Edited & Annotated by Barry Paris

[Publication slated by Alfred A. Knopf for 2012]

          In “Stella Adler: The Europeans” [Vol. I, Alfred A. Knopf 1999], the most enduring, influential acting teacher of the 20th century illuminated the plays and performance techniques of Ibsen, Strindberg and Chekhov.

          In “Stella Adler: The Americans” [Vol. II], her penetrating gaze and powerful voice are focused on the great plays and playwrights of her own country---nearly all of whom she knew, loved and worked with personally.

          Once again, Adler’s revelatory script and acting lectures of half a century have been distilled, edited and annotated by Barry Paris in accessible form for general readers, as well as actors and directors.

          In Vol. II, Adler turns her passionate attention first to Eugene O'Neill’s “Beyond the Horizon” (1920), then to a strikingly original examination of “Long Day's Journey into Night” (1956).  From O’Neill she moves to a delightful, fresh analysis of Thornton Wilder’s “The Skin of Our Teeth” (1942).

          Most vivid, detailed and intimate are her reflections on Clifford Odets, a fellow founding member with Adler and her husband Harold Clurman of the legendary Group Theater, which premiered Odets’ groundbreaking Depression-era plays “Waiting for Lefty” (1935), “Golden Boy” (1937) and “Country Girl” (1950).

          Adler’s resurrection of William Saroyan’s forgotten one-act “Hello Out There” (1941) comes complete with backstage anecdotes, including the time Saroyan showed up stark naked at Stella’s dressing-room door.

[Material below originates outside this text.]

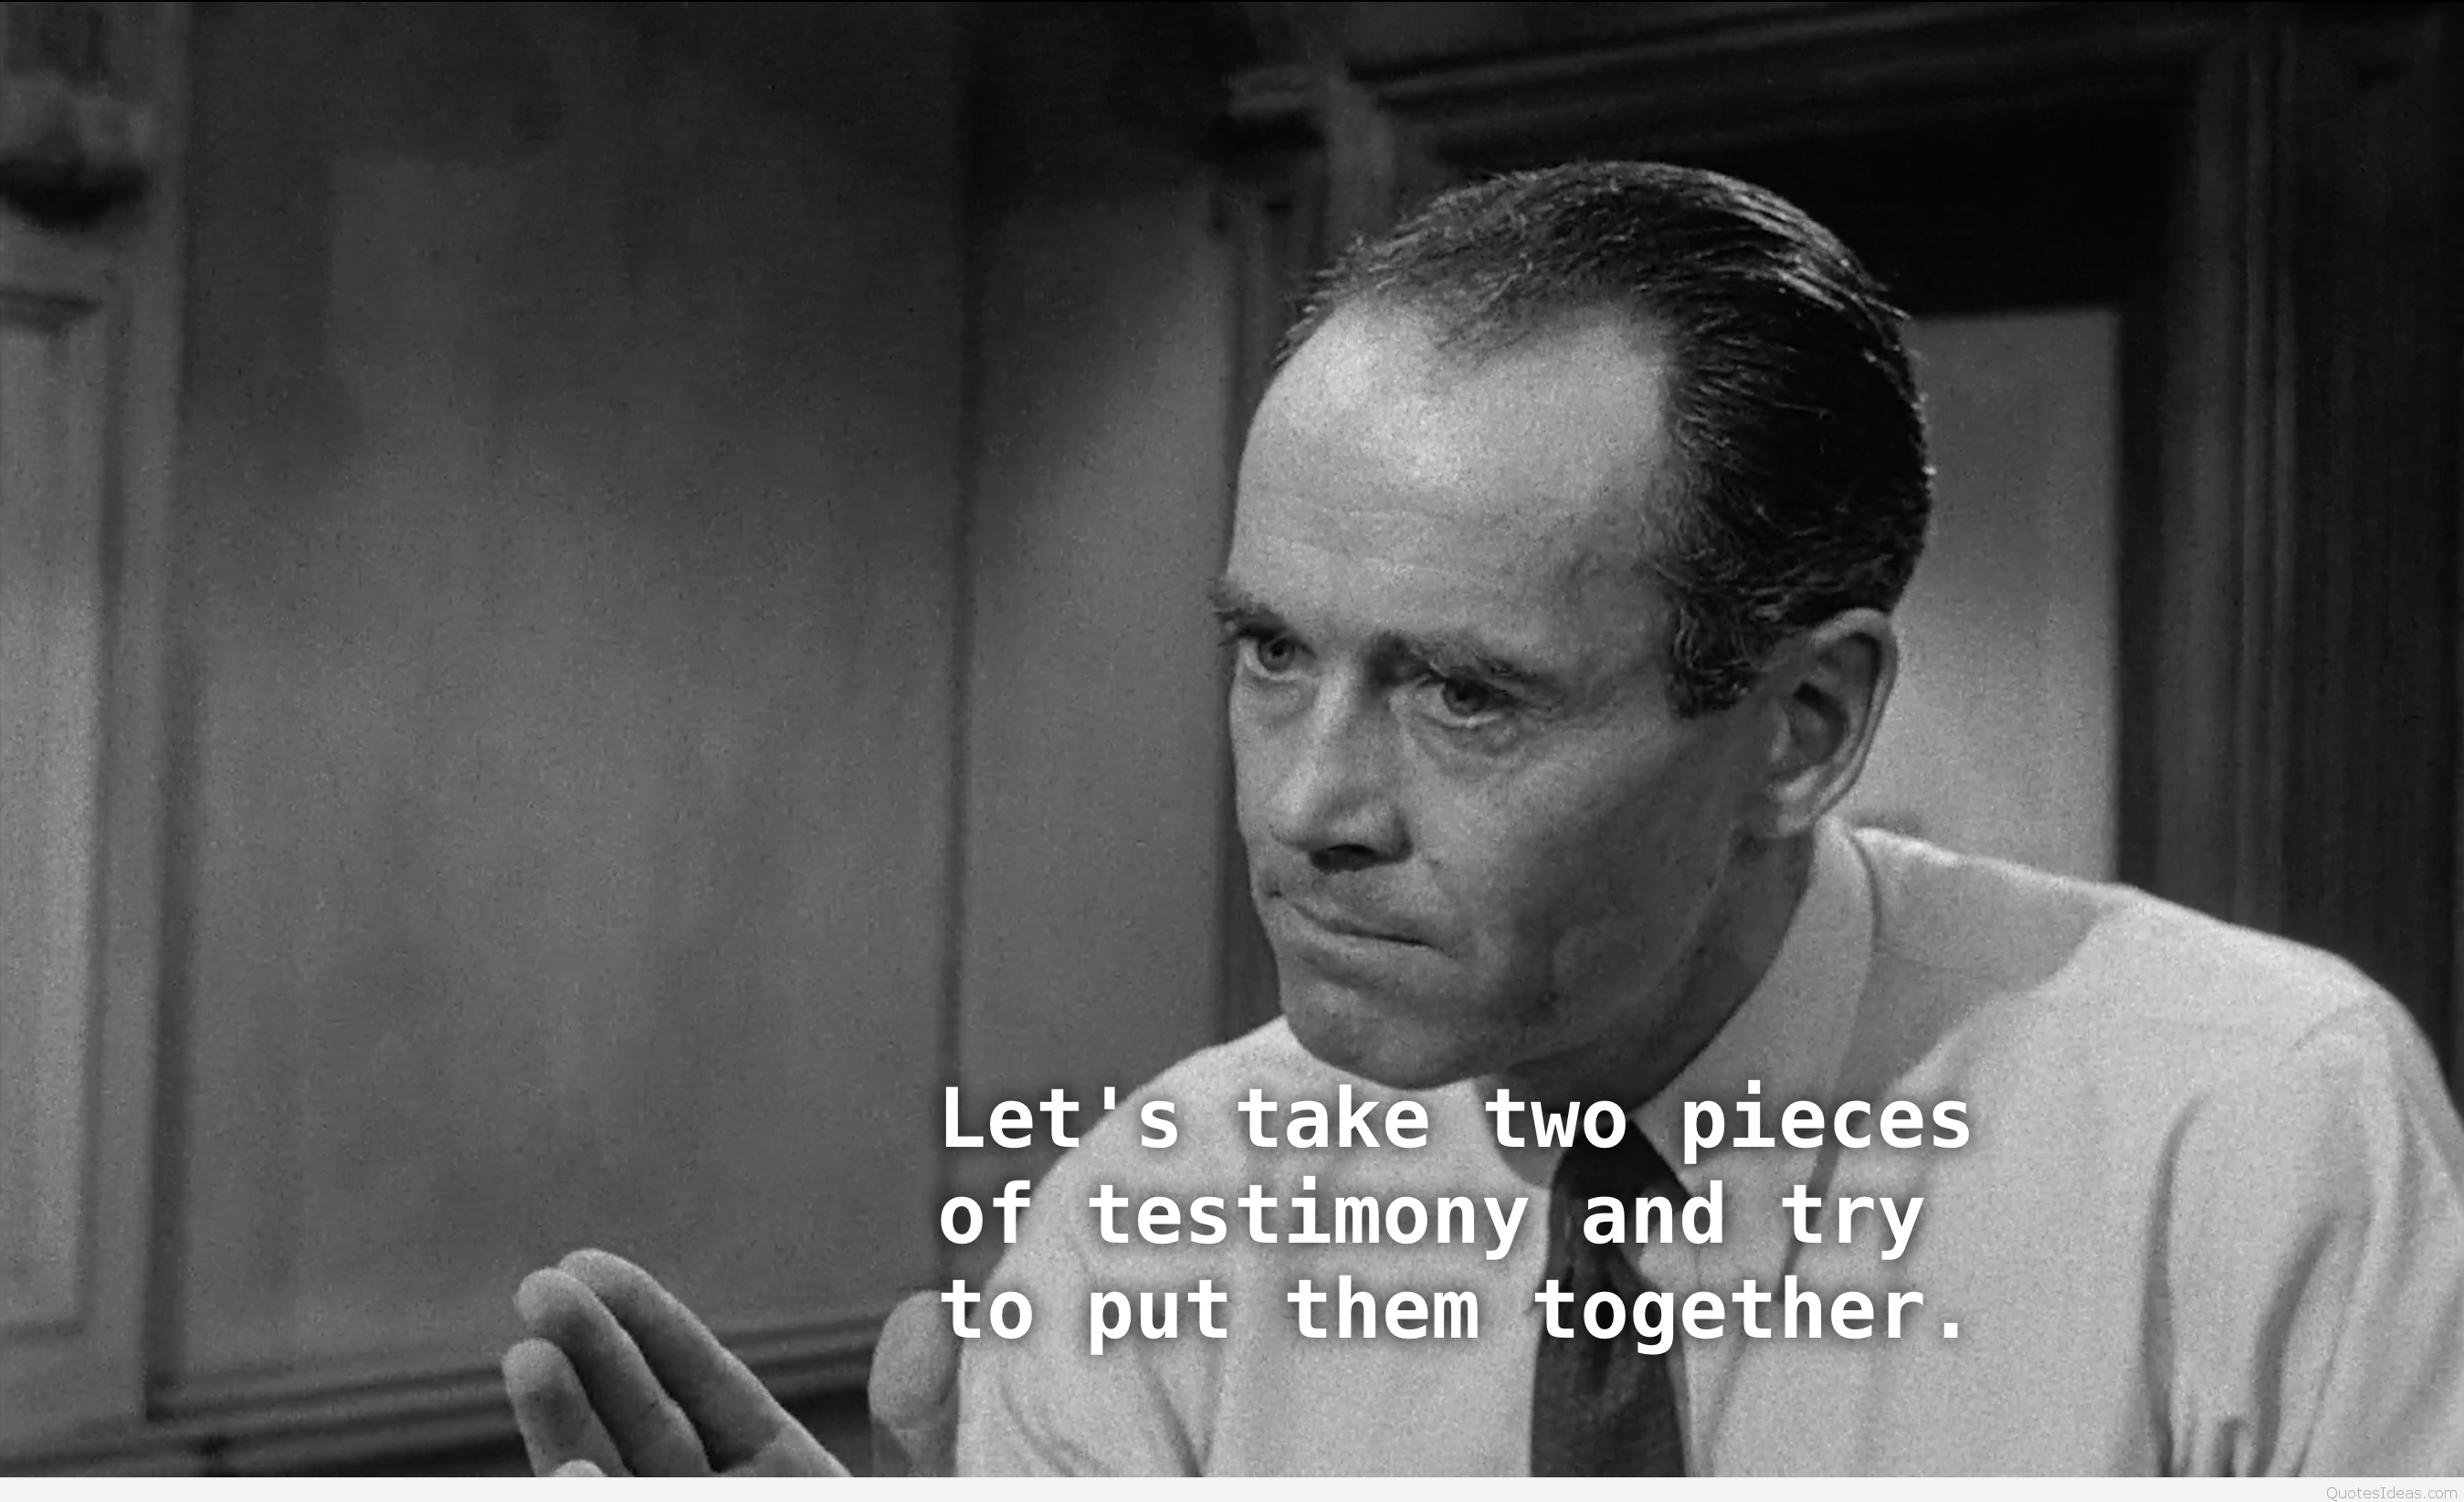 Theme Stated - 12 Angry Men Quotes - HD Wallpaper

          But perhaps the most compelling component of “Stella Vol. II” is her unique insight into Tennessee Williams, with in-depth character elucidations of his breakout play, “The Glass Menagerie” (1945), and of his greatest one, “A Streetcar Named Desire" (1947).  A surprise highlight of this section is her scrutiny of an obscure nugget called “The Lady of Larkspur Lotion” (1941)---for all practical purposes, a “new” Tennessee Williams play to serious and casual theatergoers alike.

          Adler’s potent appraisal of William Inge’s “Come Back, Little Sheba” (1950) is followed by an emotional dissection of Arthur Miller’s “Death of a Salesman” (1949) and a brutal political take on his controversial Marilyn Monroe play-à-clef, “After the Fall” (1964).

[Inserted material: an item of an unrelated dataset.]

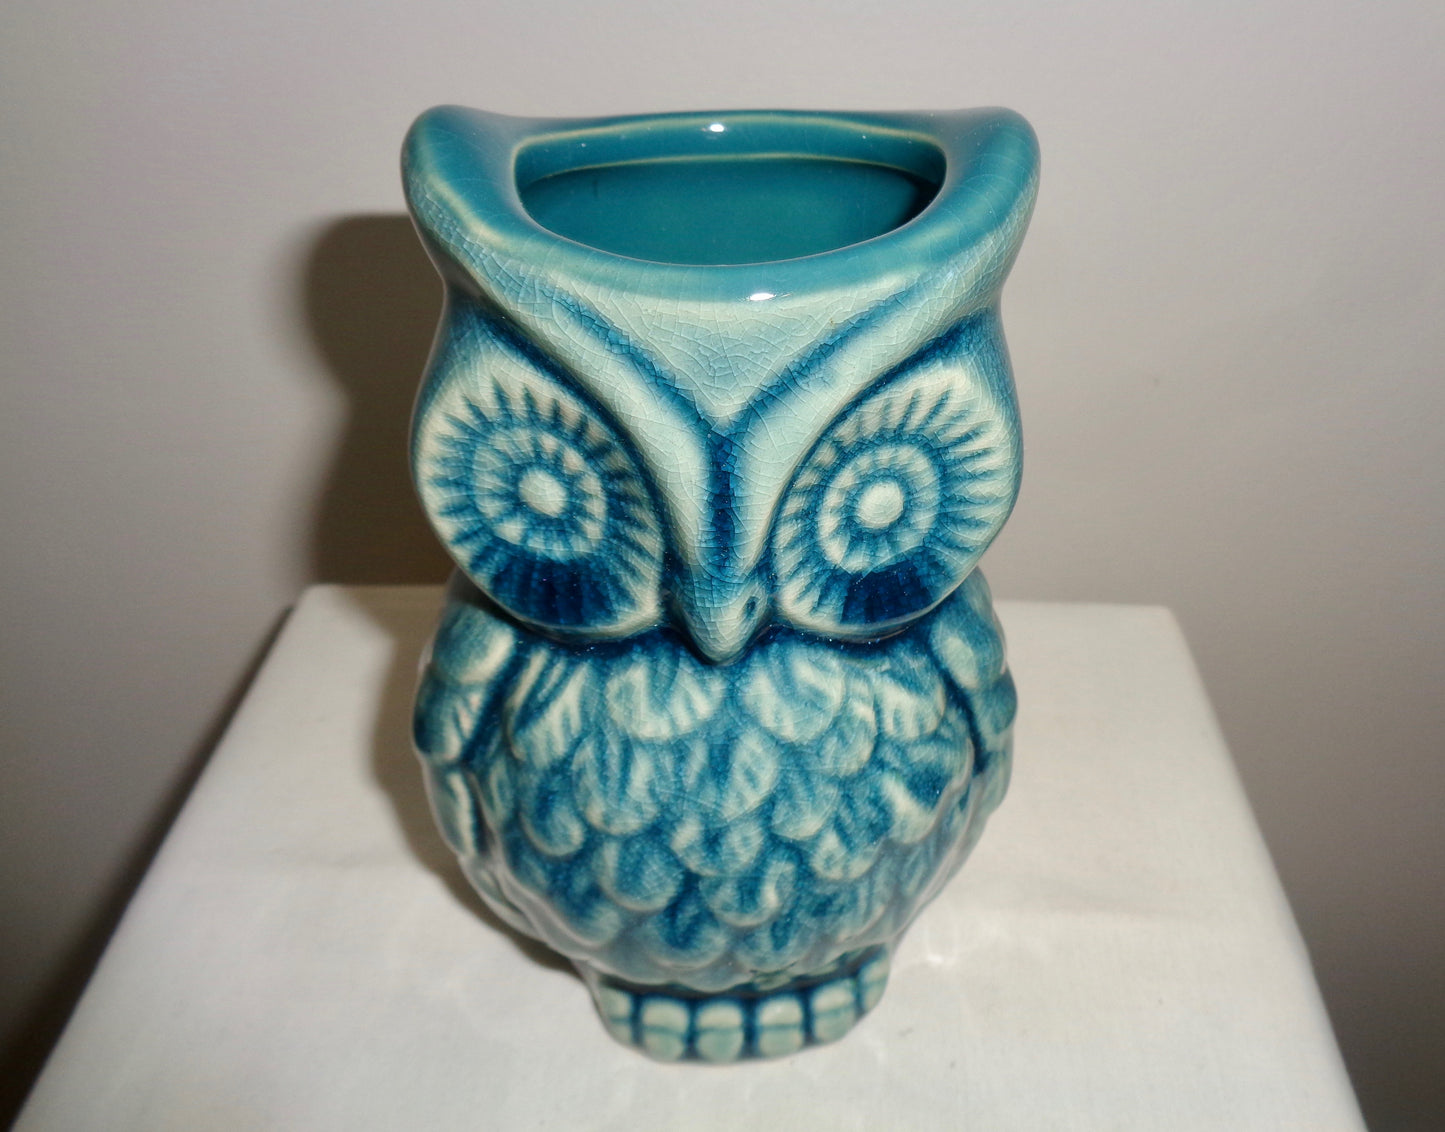 Vintage Turquoise Pottery Owl Shelley Style Desk Ornament

          Vol. II concludes with Adler’s social and psychological exploration of Edward Albee’s avant-garde “Zoo Story” and “The Death of Bessie Smith” (1959).

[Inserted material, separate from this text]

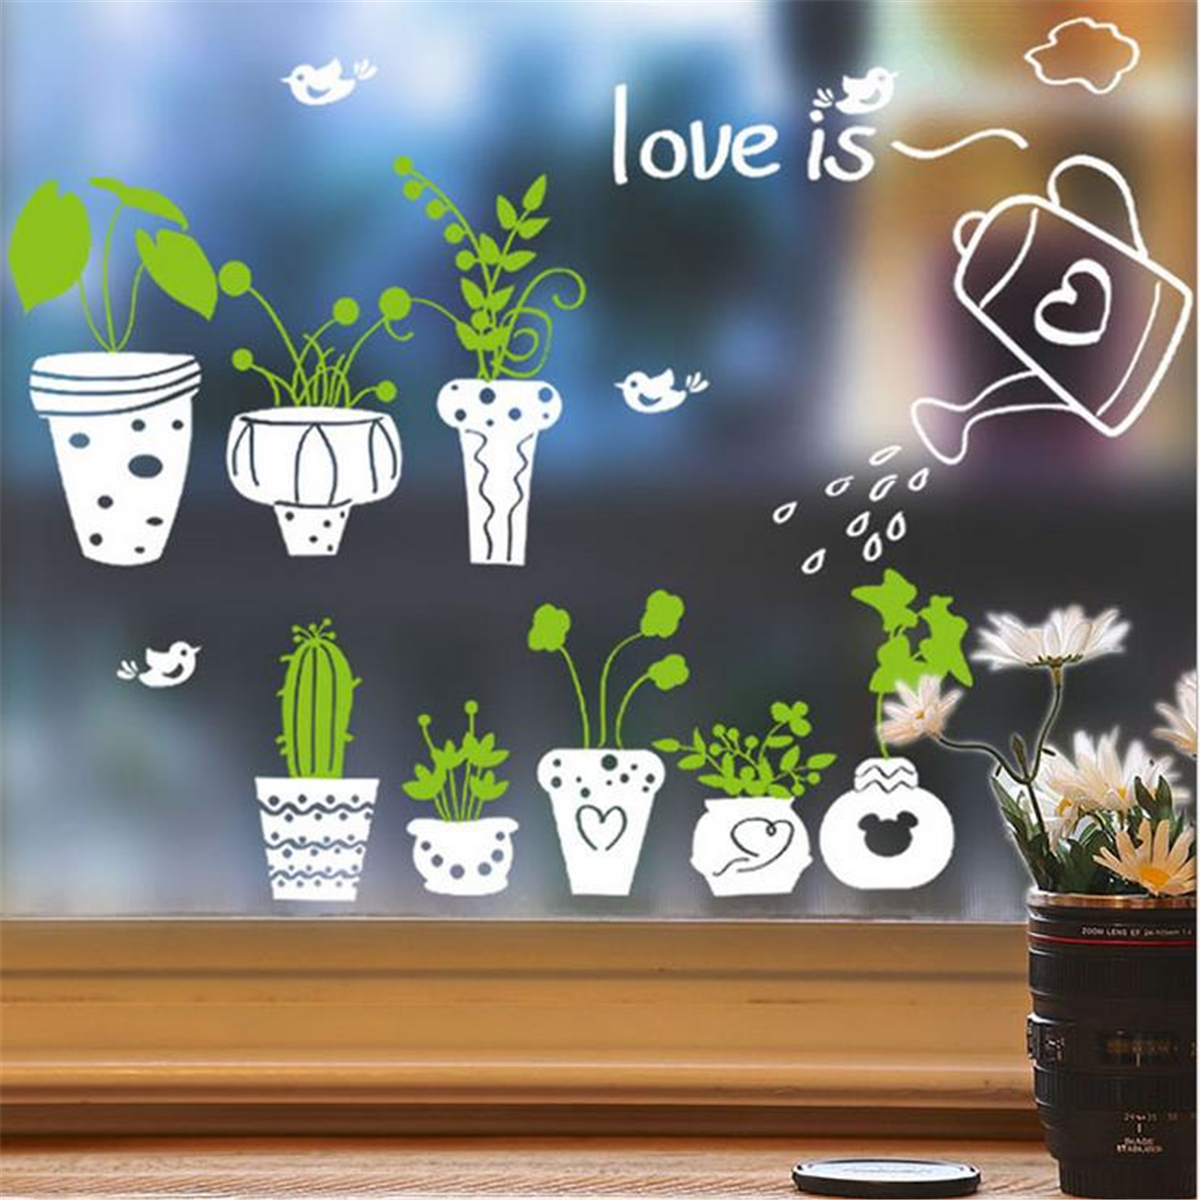 Wall Sticker Live Love Lake Wall Decal Vinyl Sticker Tattoo For Windows Glass Wall with Size and Color Options

          Throughout, the heavy subjects are leavened by this ultimate insider’s droll embellishments and juxtapositions, e.g.: “Thornton Wilder was the most educated man that ever lived but also the biggest clown. I never saw a man make such a fool of himself---jokes and laughter and imitations. It was so much fun to be with him.  Whereas, Arthur Miller came once to a party I was giving, and it was like death walking in---he was so serious. I said to somebody, `For God's sakes, ask him to leave!’”

          Truthful, timeless and always riveting, Adler’s words inspired the likes of Brando, DeNiro, Streep and Pacino. The electric lectures captured here---like her beauty, theatricality and imperious authority---still burn with an uncompromising fire, continuing to stimulate and challenge everyone who loves theater.

*  *  *

          With a prefatory introduction by Barry Paris, a transcript of Adler’s last interview with him, and stunning hitherto unpublished photographs from her private collection of play-scene stills, character shots and studio portraits.